Si podemos, quizás, tratar con la imagen de Cregar como profeta, como uno simbólico del destripamiento del aparato de Hollywood a través de la desfiguración / transmutación / renacimiento análogas de la imagen en Fat Chance, nos detenemos una vez más en una imagen recurrente del fantasma de Cregar, que transgrede la imagen fílmica con ojos amenazadores y una expresión fija que es puro expresionismo. Tal imagen, que, nuevamente, es cíclica y vuelve a atormentar al espectador repetidamente, despertó ansiosamente mi cerebro para encontrar una conexión adecuada con una xilografía grabada en madera, específicamente la realizada por Emil Nolde, llamada The Prophet. Parte del grupo expresionista alemán Die Brücke (el puente), The Prophet, tallado en 1912, es un elemento realizado por Nolde mientras se recuperaba de una larga enfermedad, encontrando la espiritualidad y la religión como forma de consuelo. Por lo tanto, su figura recuerda particularmente a un hombre cuyos “ojos hundidos, cejas fruncidas, mejillas hundidas y semblante solemne expresan sus sentimientos más íntimos” **

Esta imagen de The Prophet encendió una sinapsis que terminó frenéticamente en una búsqueda cuadro por cuadro de la imagen particular de Cregar que vemos a continuación. Una vez más, los métodos de descomposición y composición de Broomer encuentran una manera de imbuir la imagen cinematográfica con algo que no proviene precisamente de sus cualidades noir, sino que toma prestado de esta tradición de expresionismo.
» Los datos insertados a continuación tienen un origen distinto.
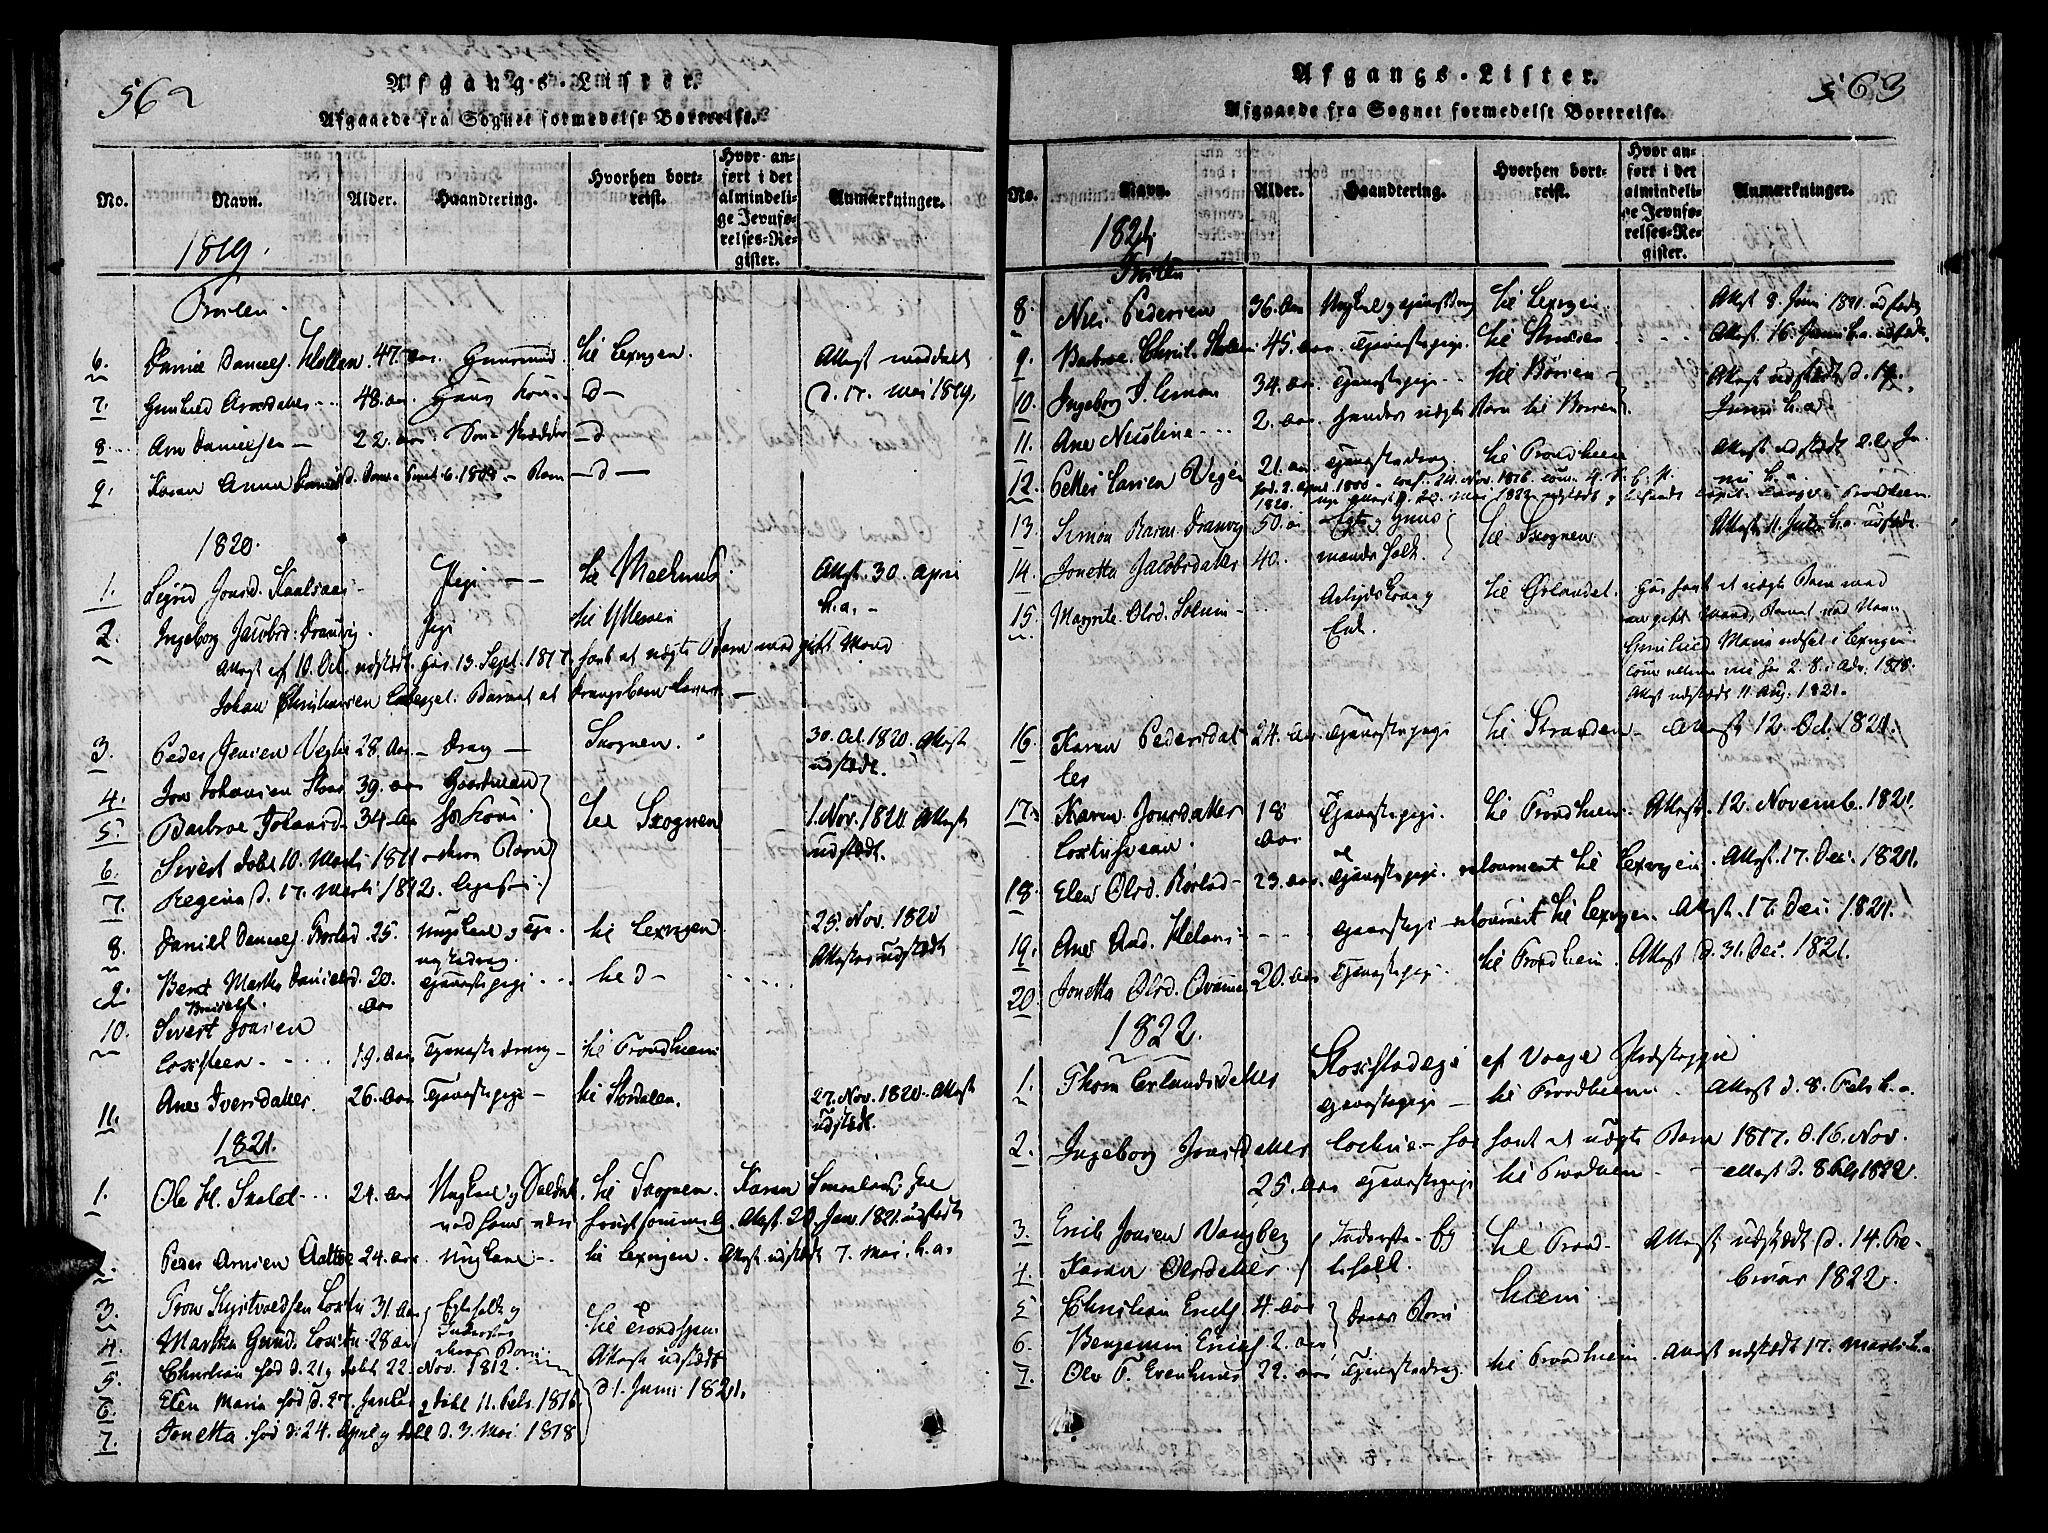 SAT, Ministerialprotokoller, klokkerbøker og fødselsregistre - Nord-Trøndelag, 713/L0112: Ministerialbok nr. 713A04 /1, 1817-1827, s. 562-563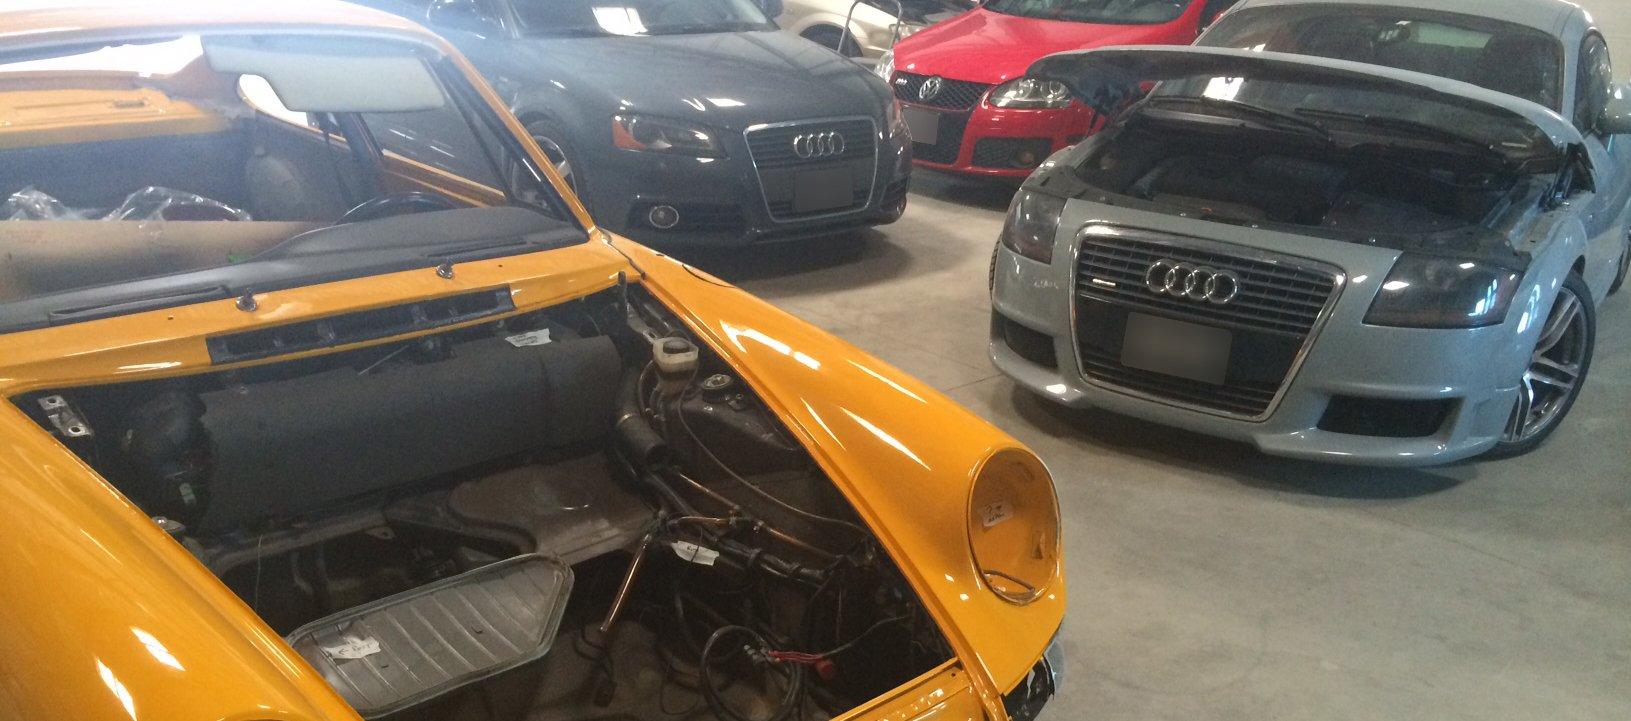 Auto Body Collision Repair Shop In Mississauga Uni Body Collision

Ver a los personajes de Nolde y Broomer de lado a lado es casi inquietante: la marca de las cejas ascendentes / descendentes, la mirada fija y la expresividad de la imagen no solo son pertinentes sino también contingentes; mientras que el tema de Nolde es solemne, reposado, el carácter de Broomer está paralizado, casi fuera de límites. Pero, en esta contingencia, en esta dialéctica de la imagen es donde encontramos una verdad inexplicable: que ambos profetas han alcanzado un estado de conciencia derivado de una inmensa carga. Ya sea la sabiduría resignada y la solemnidad, o la locura y la paralización, ambas están fijadas en la expresividad de sus rostros: en el grano ancho, áspero y texturizado de la xilografía de Nolde y en el resultado áspero y roto del proceso alquímico en la imagen de Broomer.

Composión 3: The Prophet (Emil Nolde, 1912) / Laird Cregar en Fat Chance (Stephen Broomer, 2020)

III – Coda

Fat Chance (2020) es un hito en la carrera de Stephen Broomer, al igual que las características anteriores como Lulu Faustine (2020) y Potamkin (2017), parte de una serie en curso *** y de la producción cinematográfica masiva de Broomer, que se ha pasado por alto en el movimiento habitual de los festivales de cine experimental en el norte, inexplicablemente. Me gustaría visibilizar obras como la de Broomer, que se apoya mucho en lo sublime, ese término ya “anticuado” y “primitivo” descartado por los críticos de arte moderno y relegado al ámbito de la estética, que también parece estar perdiendo terreno en una escena de arte contemporáneo que rechaza los viejos modelos de relación espectador/obra de arte, o -como es el caso del cine experimental contemporáneo- apuesta por obras interseccionales que abordan políticas de identidad, paisaje poético, post-etnografía y nuevos medios. Lo cual está bien. Hay varias piezas magníficas de este tipo que se exhiben en todas partes, cada una con un mérito particular y muy importante (me vienen a la mente Nguyen, Perconte, Saito, Szlam, Russell, Asili, Alsharif, Makino a primera vista). Pero una obra de una magnitud como la de Broomer merece ser vista mucho más, no solo por su innovador método híbrido que hemos explorado estéticamente en esta pieza (y las muy sugerentes e inagotables analogías que se pueden dibujar en diferentes momentos de la historia del arte), sino también porque esta estética particular está ligada precisamente al pneuma y lo sublime, la médula de la existencia humana a través de los medios de la imagen en movimiento. Y esta es siempre una oportunidad de celebración, para que un cine que aún está vivo y regurgita el pasado para darse a luz una y otra vez.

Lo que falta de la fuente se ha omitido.